I wish you a nice and cozy christmas. (Sorry I couldn't think of anything else at the moment :/)


----------



## Sus y

EarthDominator said:


> I wish you a nice and cozy christmas. (Sorry I couldn't think of anything else at the moment :/)


That was good actually, thank you for the wish also for posting in the thread. 
I wish you feel better this week and the next one even more .


----------



## EarthDominator

Sus y said:


> That was good actually, thank you for the wish also for posting in the thread.
> I wish you feel better this week and the next one even more .


Thank you, I'm sure when more people wake up this thread will grow alot.


----------



## cinto

EarthDominator, wishing you a darn good day today or night.
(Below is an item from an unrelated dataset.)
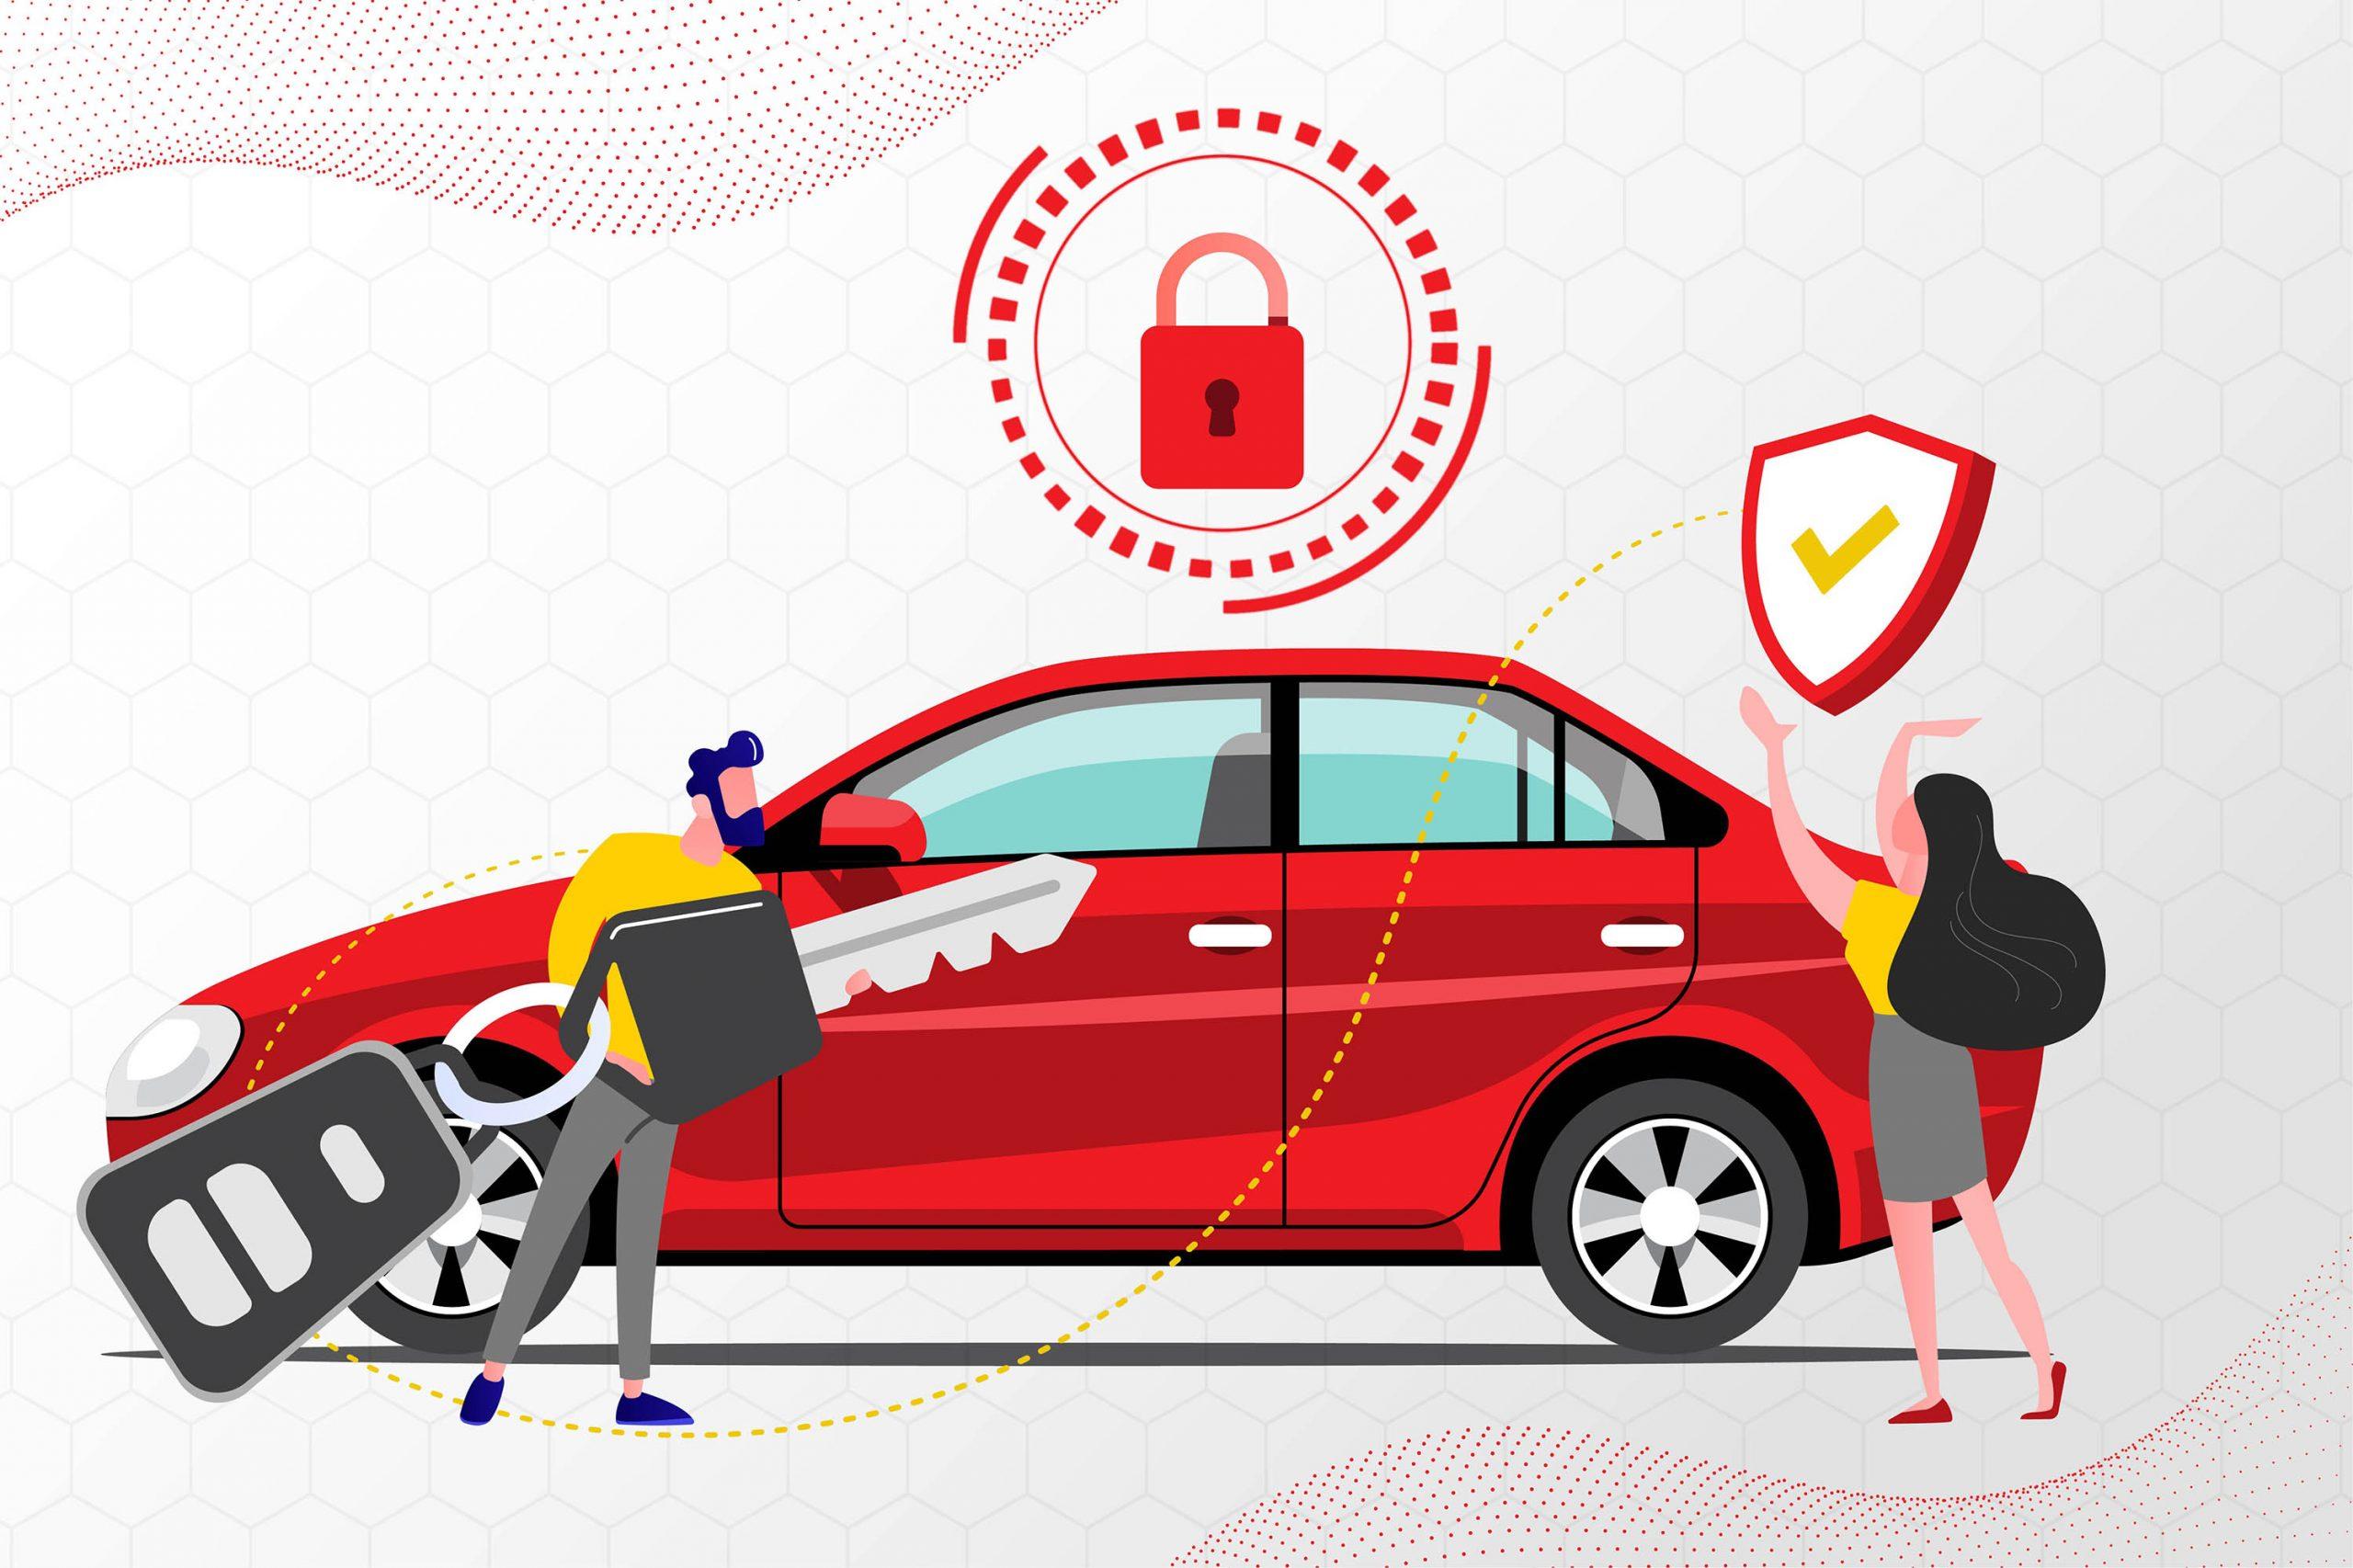 Sistem Keamanan Canggih Mobil Zaman Now

Hope you get a few laughs in too. haha


----------



## Chevy396

Wishing you lots of fun and happy beer drinking times.


----------



## Sus y

I wish you to have some fun and cool dates during this week.


----------



## NovaBubble

Wising you loads of courage and fulfillment to conquer your hardships and do the things you want to do before the year ends!


----------



## Paul

May you be accepted and respected for who you are by everyone important in your life.


----------



## Kevin001

Hope you continue to grow and have more social victories.


----------



## Sus y

Wish you to keep improving your life having always the support of your loved ones.


----------



## jolene23

I wish you to be more happy today than you were yesterday, and to be even more happy tomorrow.


----------



## EarthDominator

I wish you a very welcoming and nice stay here on SAS, welcome.


----------



## teuton

I wish you to progress every day, becoming better and better in all the aspects of life !


----------



## Lohikaarme

I wish today has something exciting in store for you so your boredom will be cured.


----------



## Kevin001

Wish you and your future hubby well


----------



## Virgo

I wish for you to discover something new you like today, like a song or new food


----------



## TheInvisibleHand

I wish you to get back together with naes.


----------



## Virgo

Lmao can't you just wish for me to to get a puppy for Christmas or something?


----------



## Sus y

Virgo said:


> Lmao can't you just wish for me to to get a puppy for Christmas or something?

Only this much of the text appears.